A smart, graphic snuff film with black humor

Independent horror is littered with bad films based on half-baked concepts. That is why it is refreshing to come across The House With 100 Eyes. The name references a home outfitted with concealed cameras for the purpose of recording snuff films. A gritty torture porn entry with a satirical edge, the film is wonderfully subversive in dealing with a very tired subject for the genre. The plot follows a seemingly normal married couple on the surface that happen to be serial killers. The couple lures victims into their house and then makes snuff films of their deaths. The House With 100 Eyes is not for the faint of heart. Even veteran horror fans may have trouble with certain scenes.

Ed (Jim Roof) and Susan (Shannon Malone) are a married couple with a fetish for murder. Susan is an expert with poisons, as her prior husband and neighbors found out. She is the June Cleaver of female serial killers, happily supporting Ed’s plans with a smile. Ed has a grand idea for their evil schemes. He wants to film a triple-victim snuff video and sell it on DVD. They’ve turned their Southern California home into a private dungeon on the inside, decked out with cameras in every room. It is here they lure their victims and then torture them on camera in the most gruesome ways possible. Ed wants to capture all of this on tape and make it into a documentary. He even has a name for his production company, “Studio Red.”


The couple’s twisted plan involves picking up three people off the streets, two girls and a guy. They mislead three wayward teenagers living on the streets with the promise of $500 each for filming an adult movie in their home. It’s a plan that works perfectly until one of the teenagers gets nervous and wants to back out of the arrangement.

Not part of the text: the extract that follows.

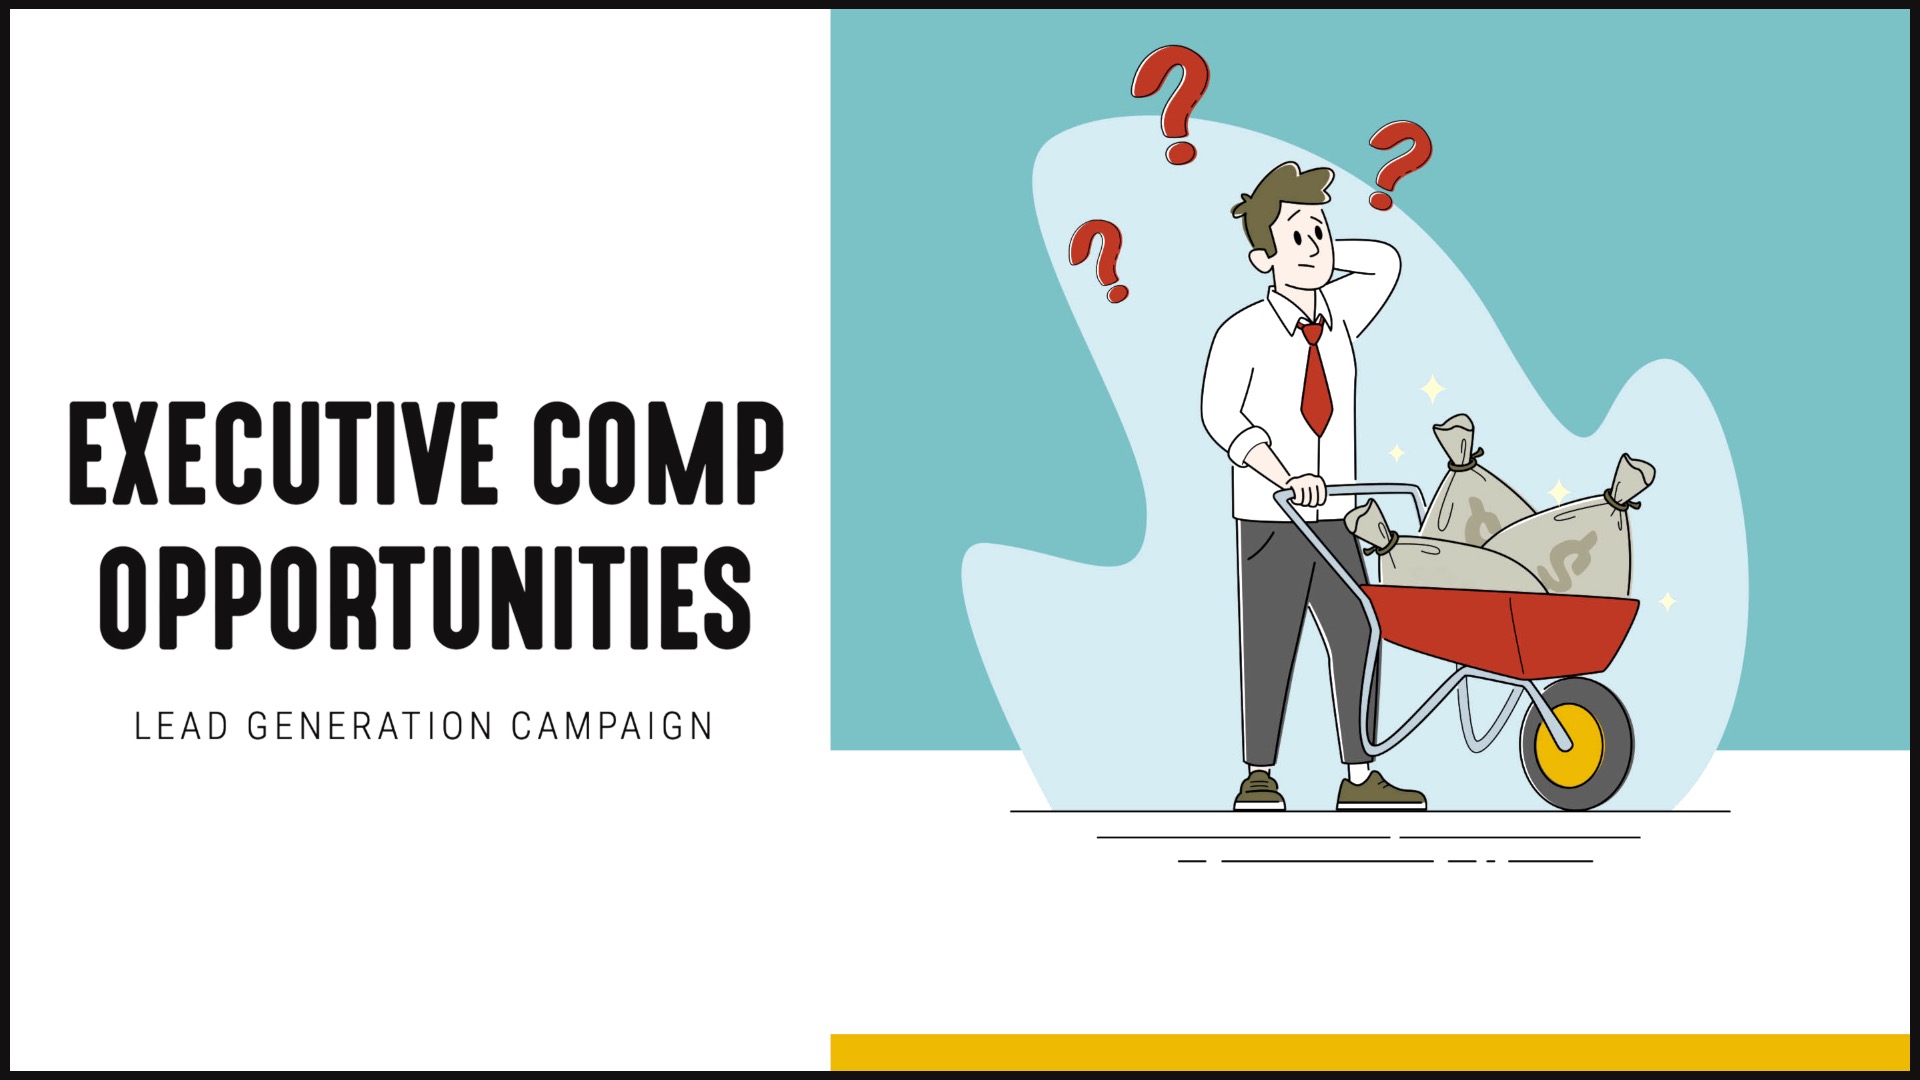 [NEW] Lead Gen Campaign | Executive Compensation Opportunities

Tensions that had been bubbling beneath the surface between Ed and Susan play a critical role as this “film-shoot” gets bloodier.

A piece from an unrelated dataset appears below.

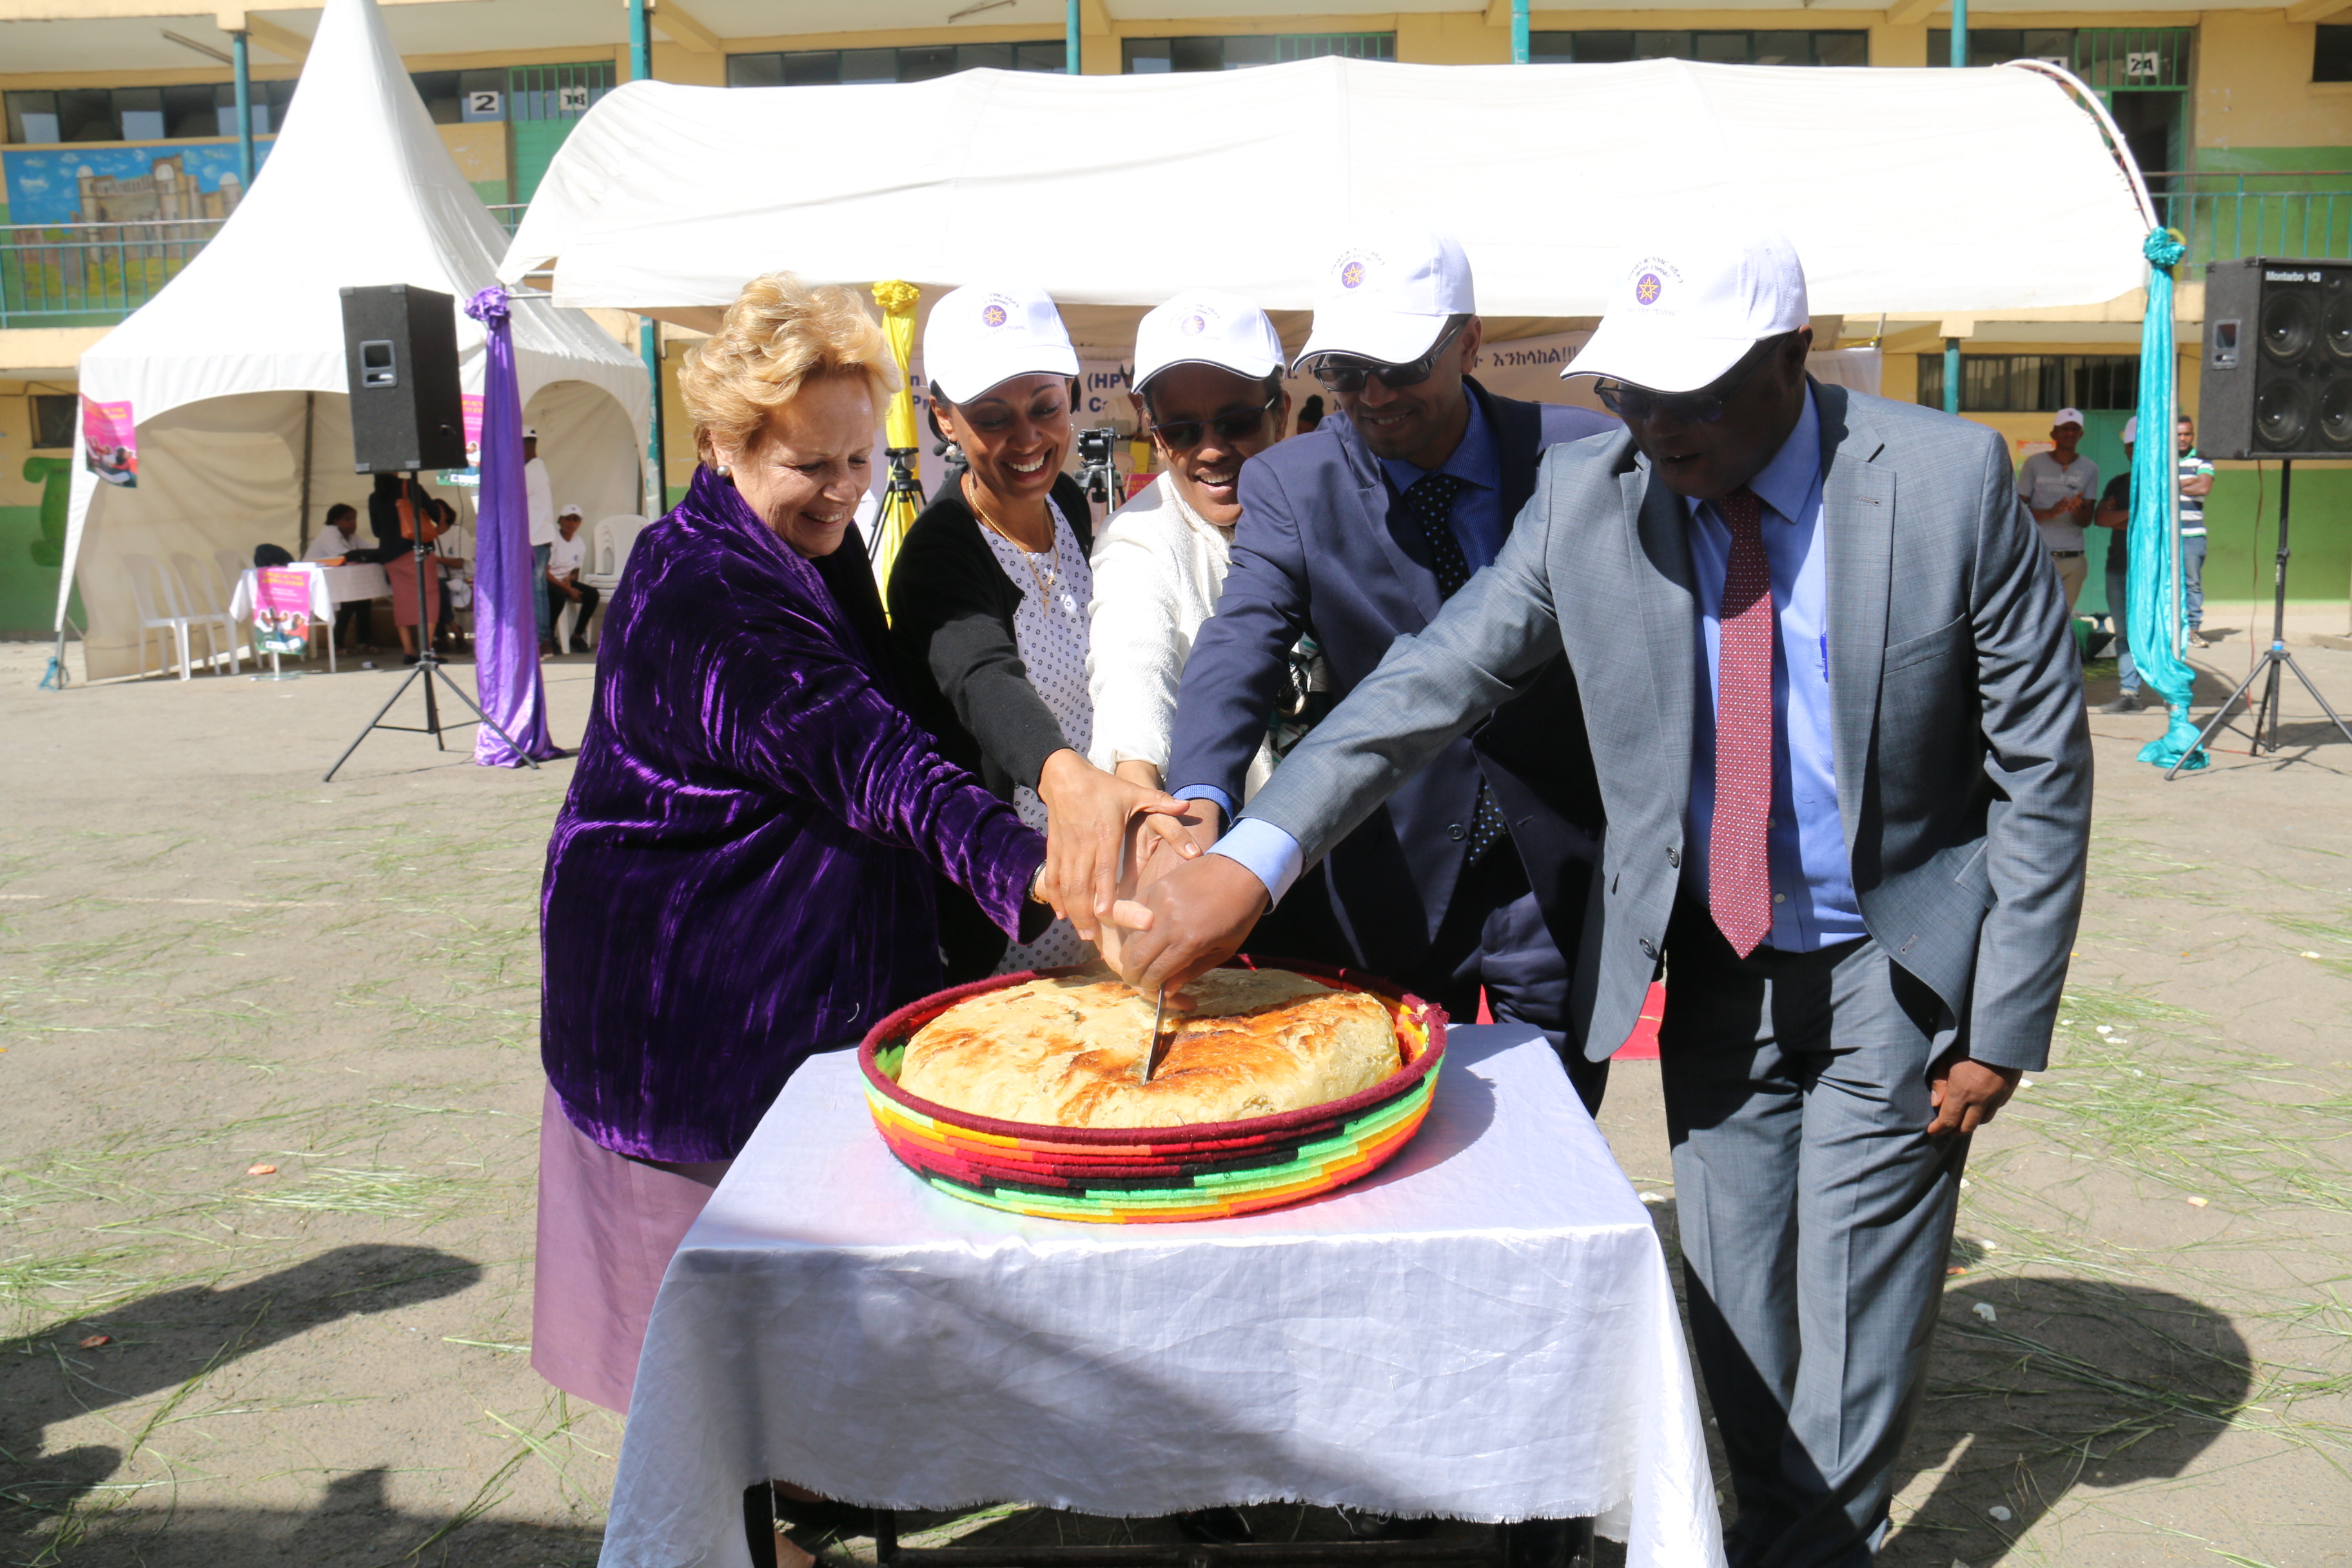 R to L: Paul Mainuka, WHO Representative a.i., H.E. Dr Amir Aman, Minister to MoH, Mrs Roman Tesfaye, Former First Lady, Dr Liya Tadesse, State Minister of MoH, Ms Gillian Mellsop, cutting the bread during the HPV launch

The film laces their characters with a satirical, smart edge.

The House With 100 Eyes would not work as a film if it wasn’t for Ed and Susan. The lead characters are deliciously evil while remaining human, a tough trick to pull off. Ed has anger issues, while Susan is a needy wife. The actors are superb in those roles. The film laces their characters with a satirical, smart edge. It helps prevent them from becoming the grim, unrelenting caricatures so common in extreme horror.

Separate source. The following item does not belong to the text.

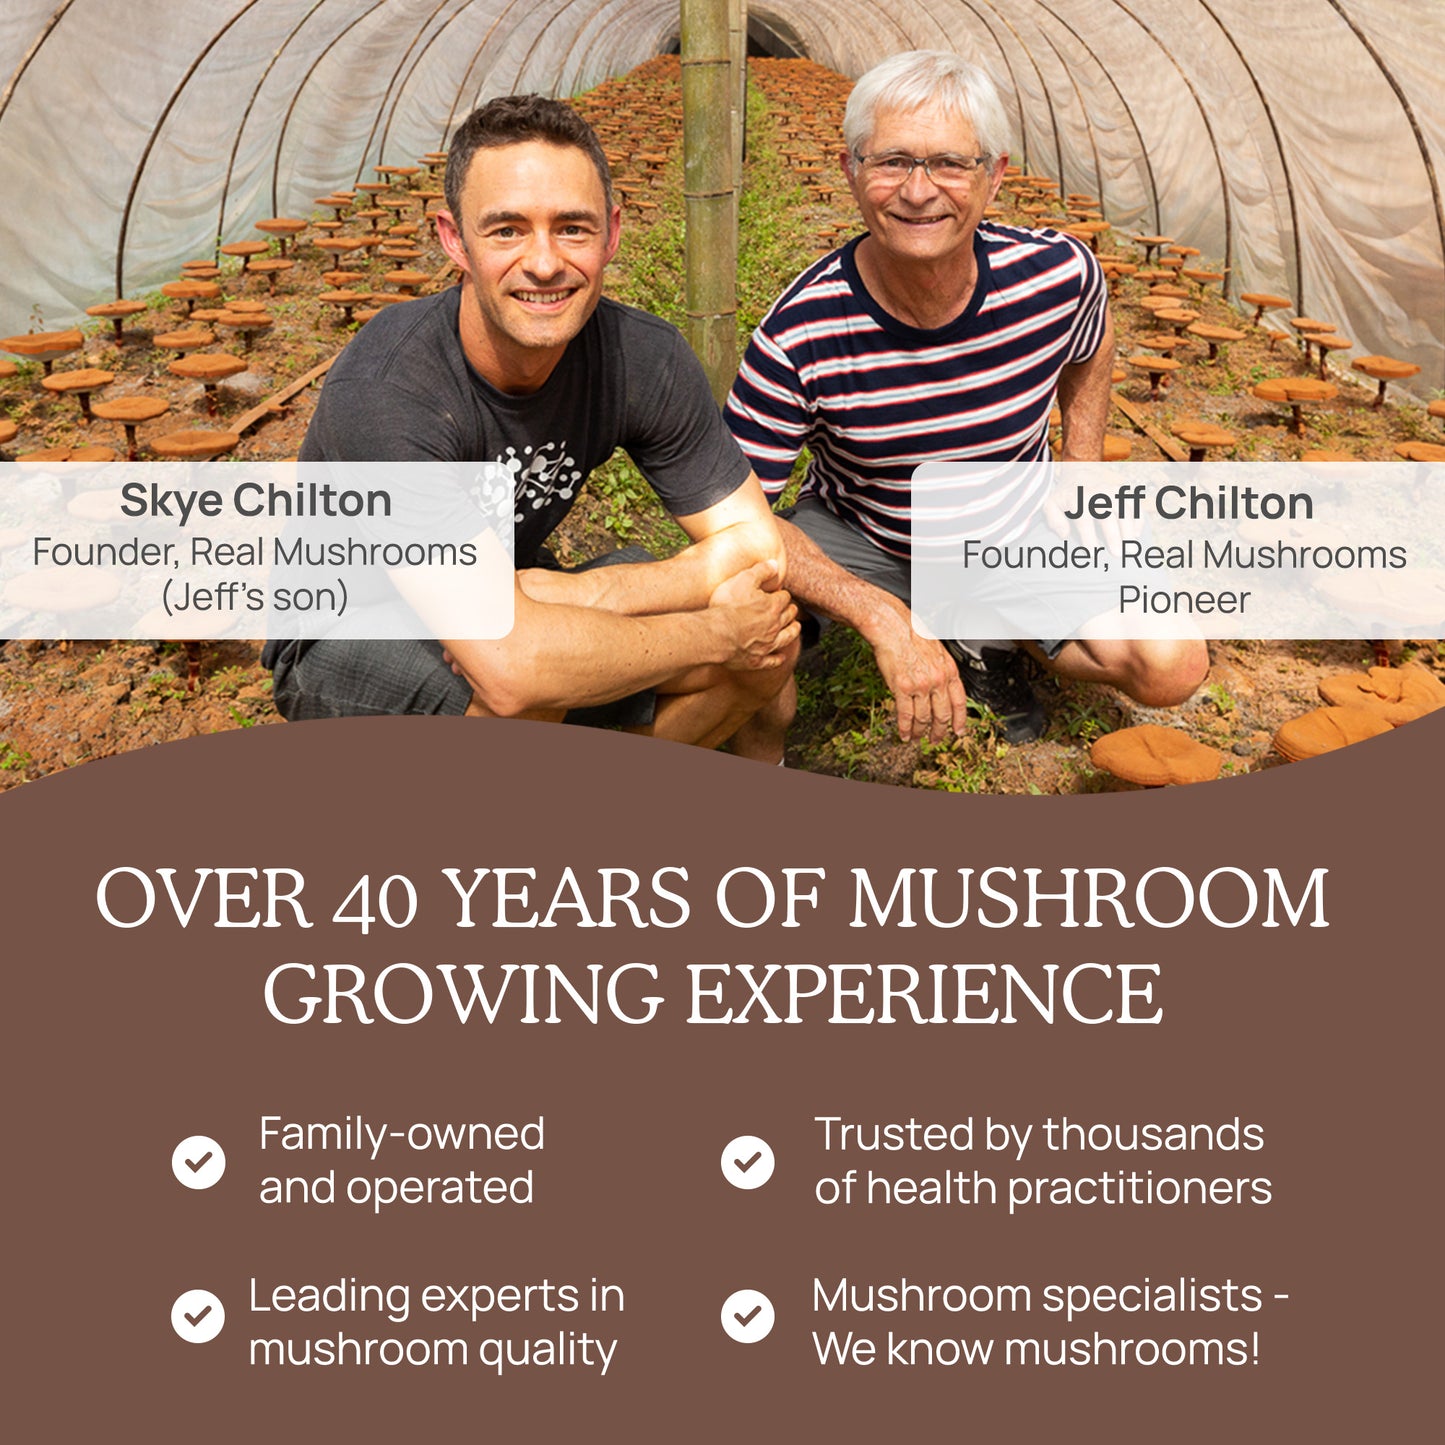 Two men smiling inside an organic mushroom cultivation greenhouse, representing Real Mushrooms, a family business with over 40 years of experience in growing and selling Mushroom Chocolate 5 Packs.

Directors Jay Lee and Jim Roof have definitely taken a cue from the cult classic Behind the Mask: The Rise of Leslie Vernon. That film was a smart deconstruction of the slasher, including a wink the audience had already seen all of this before in other films. This film takes what we’ve come to expect from grisly torture porn and subverts their ideas, a wildly fresh take on the concept.


Those into torture porn will satisfy their cravings for extreme violence and gory deaths. The House With 100 Eyes does not shy away from that aspect of the genre. One poor girl is fed flesh from her own stomach in raw detail. If you’ve seen Hostel, you’ll know what to expect in terms of graphic torture.

Technically, The House With 100 Eyes is a found-footage film. An opening coda claims its video was edited together from tapes left by an unknown source. Thankfully, the storytelling doesn’t slavishly devote itself to the conventions of that style. The relatively short film at nearly 76 minutes is a taut, entertaining ride for horror fanatics. Mainstream horror these days often has to pull its punches, something the independent House With 100 Eyes strenuously avoids with its raw brutality and dark humor.

This is one of the finest independent horror films made in the past decade. The actors aren’t famous names and there are no cute teen protagonists. It is simply a dark look into the minds of two twisted people, peppered with a few laughs to keep the film going.